In these actions, in this ide
ntifying themselves with their temporary duties, Amerigo promptly recognized the true meaning of democracy, and he thought of the paradox of their being there together, some believers in a divine order, in an authority which is not of this earth, and then his own companions, well aware of the bourgeois deceit of the whole business; in short, two kinds of people who should have had little faith in the rules of democracy, and yet each side convinced they were its most zealous guardians, its very incarnation.
Two of the watchers were women: one, wearing a little orange sweater, seemed a factory worker or a clerk, about thirty, with a red, freckled face; the other was fiftyish, with a white blouse, a large locket with a portrait hanging over her bosom, perhaps a widow, an elementary school-teacher, to judge by her appearance. Who would think, Amerigo said to himself, now determined to see everything in the best possible light, that women have enjoyed their civil rights for so few years? They looked as if, daughter following mother, they had never done anything but prepare for elections. And what’s more, it’s the women who show the most common sense, good at little practical problems, helping the men, who are more self-conscious.
Following this train of thought, Amerigo was already content, as if it were all going for the best (apart from the dark prospects of the elections, apart from the fact that the ballot boxes were in an asylum, where they had been unable to hold political meetings, or stick up posters, or sell newspapers), as if this were already the victory, in the old struggle between State and Church, as if this were the triumph of a lay religion of civic duty, over...
Over what?

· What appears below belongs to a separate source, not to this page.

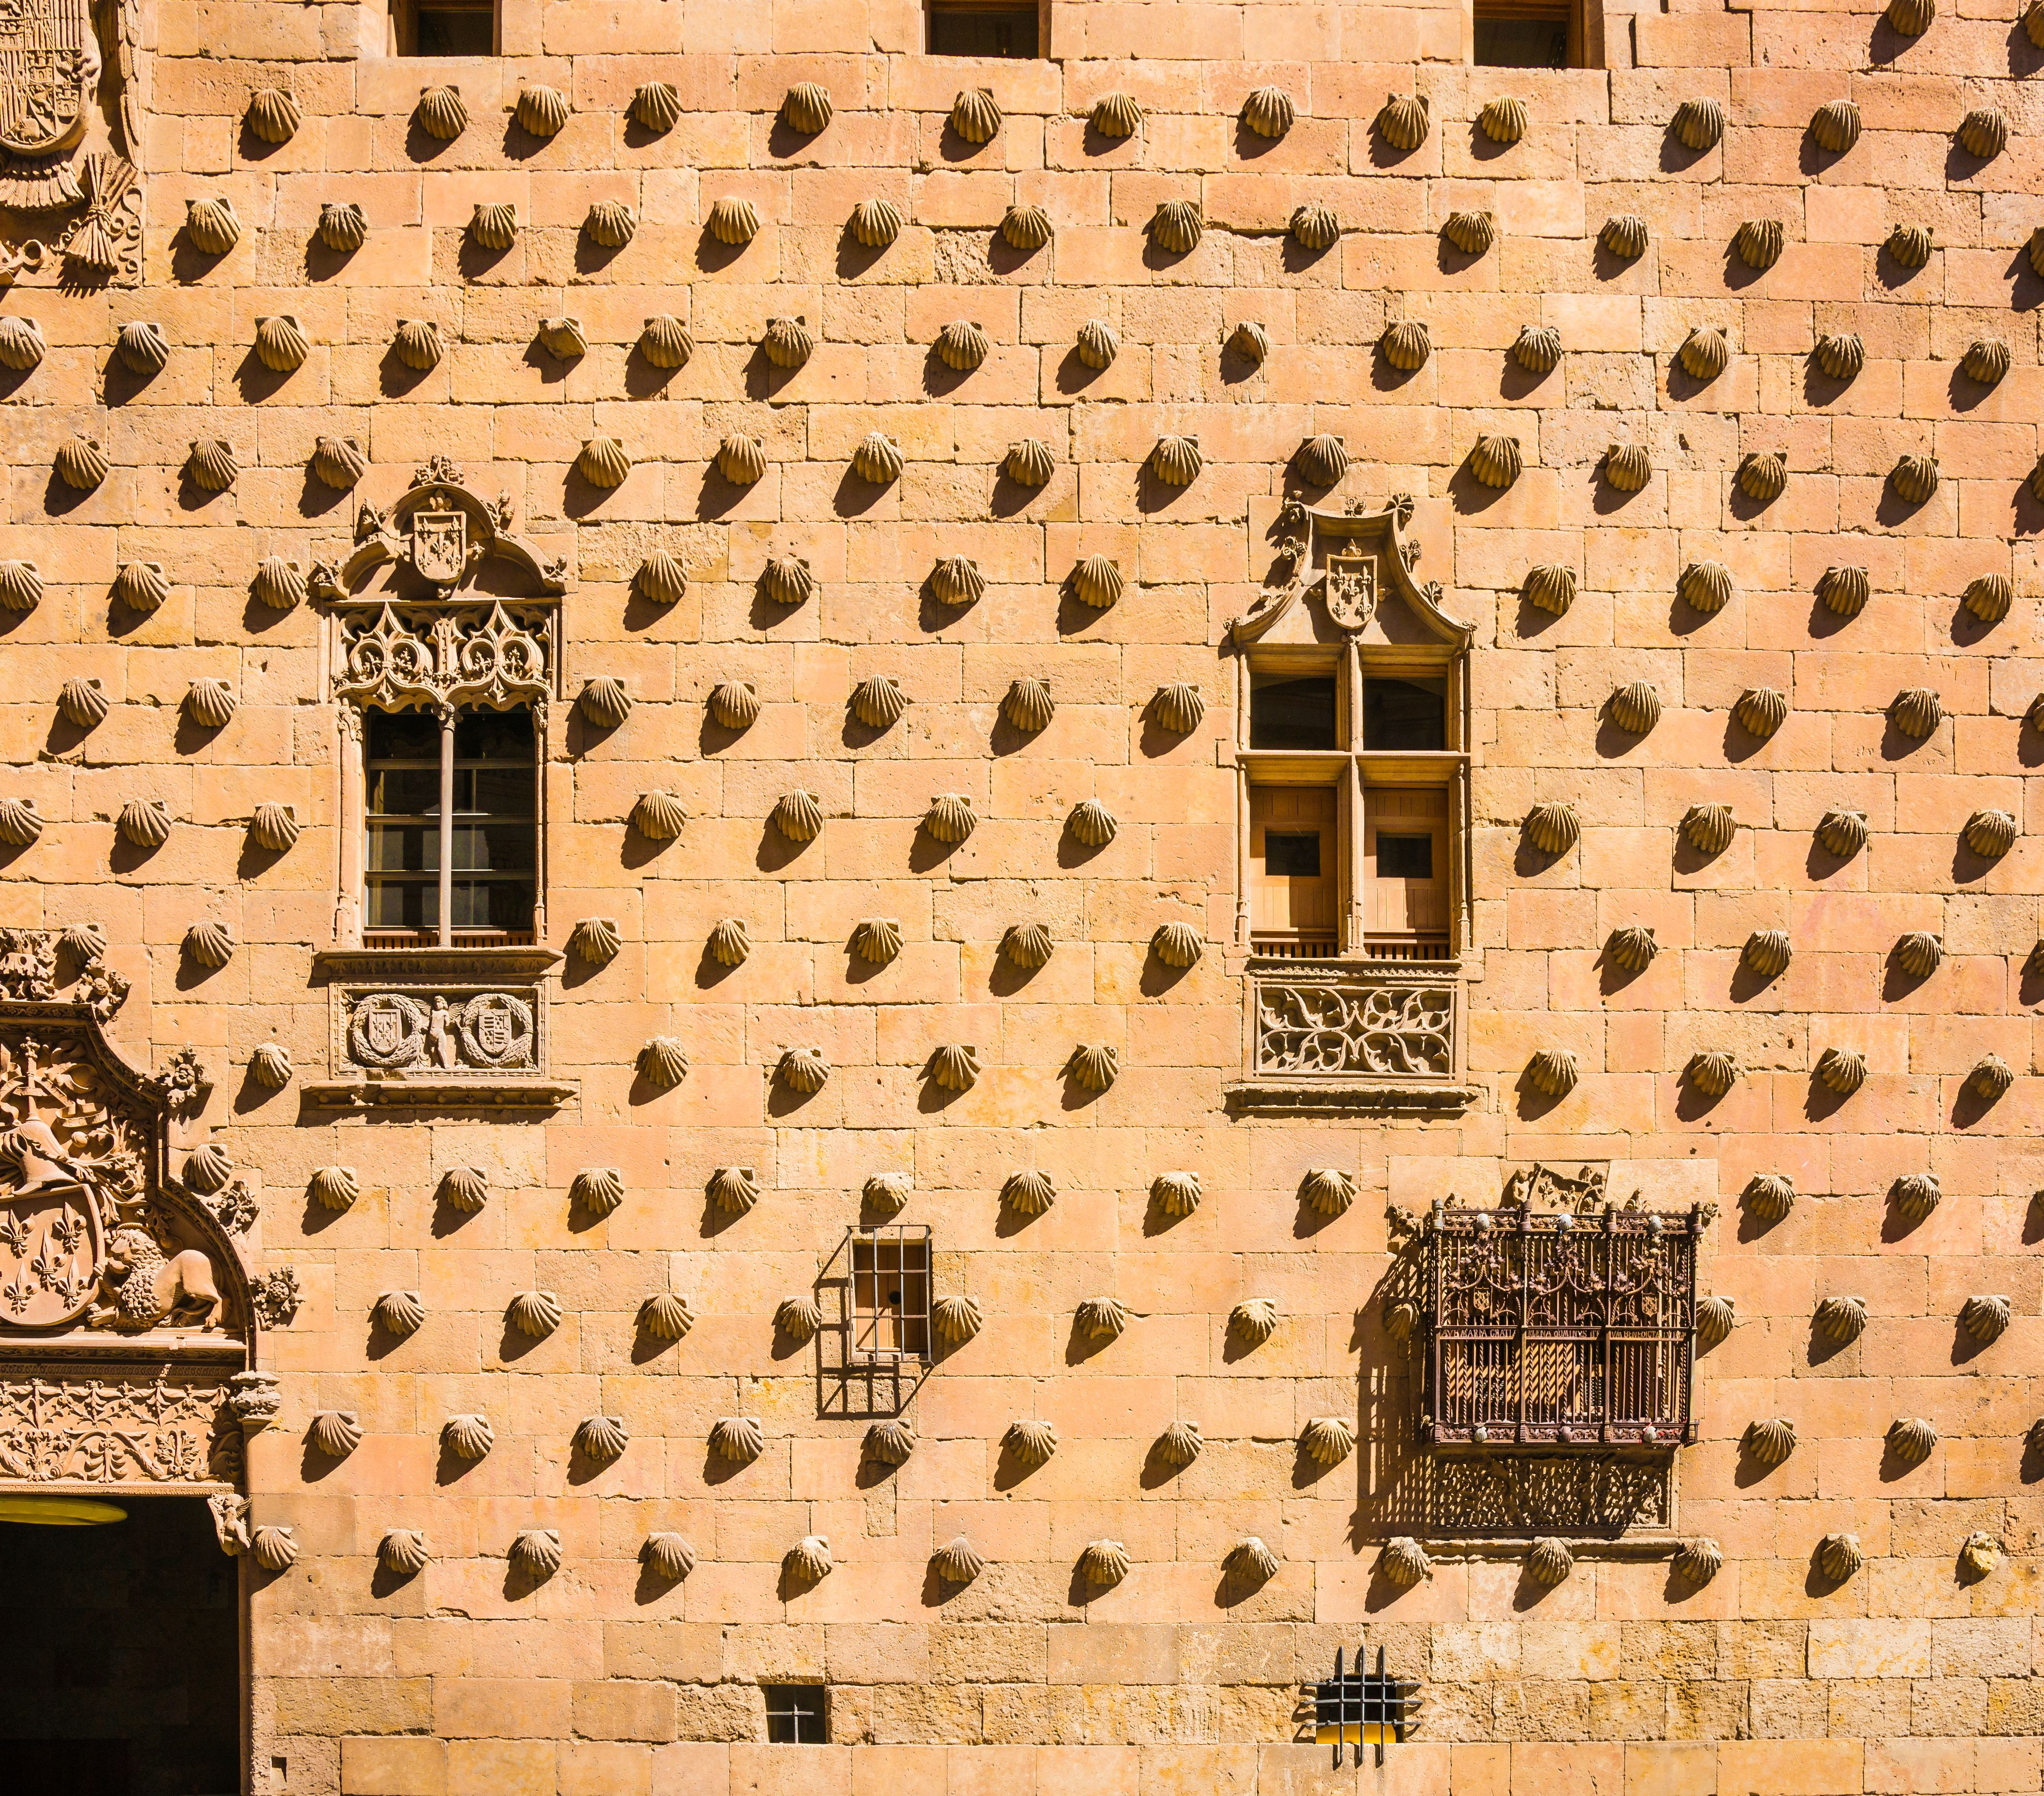 Conoce la historia de la Universidad de Salamanca con Viajes y visitas

Amerigo looked around once again, as if seeking the tangible presence of a contrary force, an antithesis, but he could grasp nothing, he could no longer set the affairs of the polls against the atmosphere that surrounded them: in the quarter of an hour he had been there, things and places had become homogeneous, joined in a sole, anonymous, administrative grayness, the same in police stations and regional offices as in the great charitable institutions. And like a man who, diving into cold water, has forced himself to believe that the pleasure of diving is in that sensation of cold, and then, swimming, has found within himself a new warmth and, with it, the sense of how cold and hostile the water really is, so Amerigo, after all his mental efforts to transform the polls’ squalor into a precious value, had gone back to his first impression—of an alien, cold place—and he felt that this was the correct view.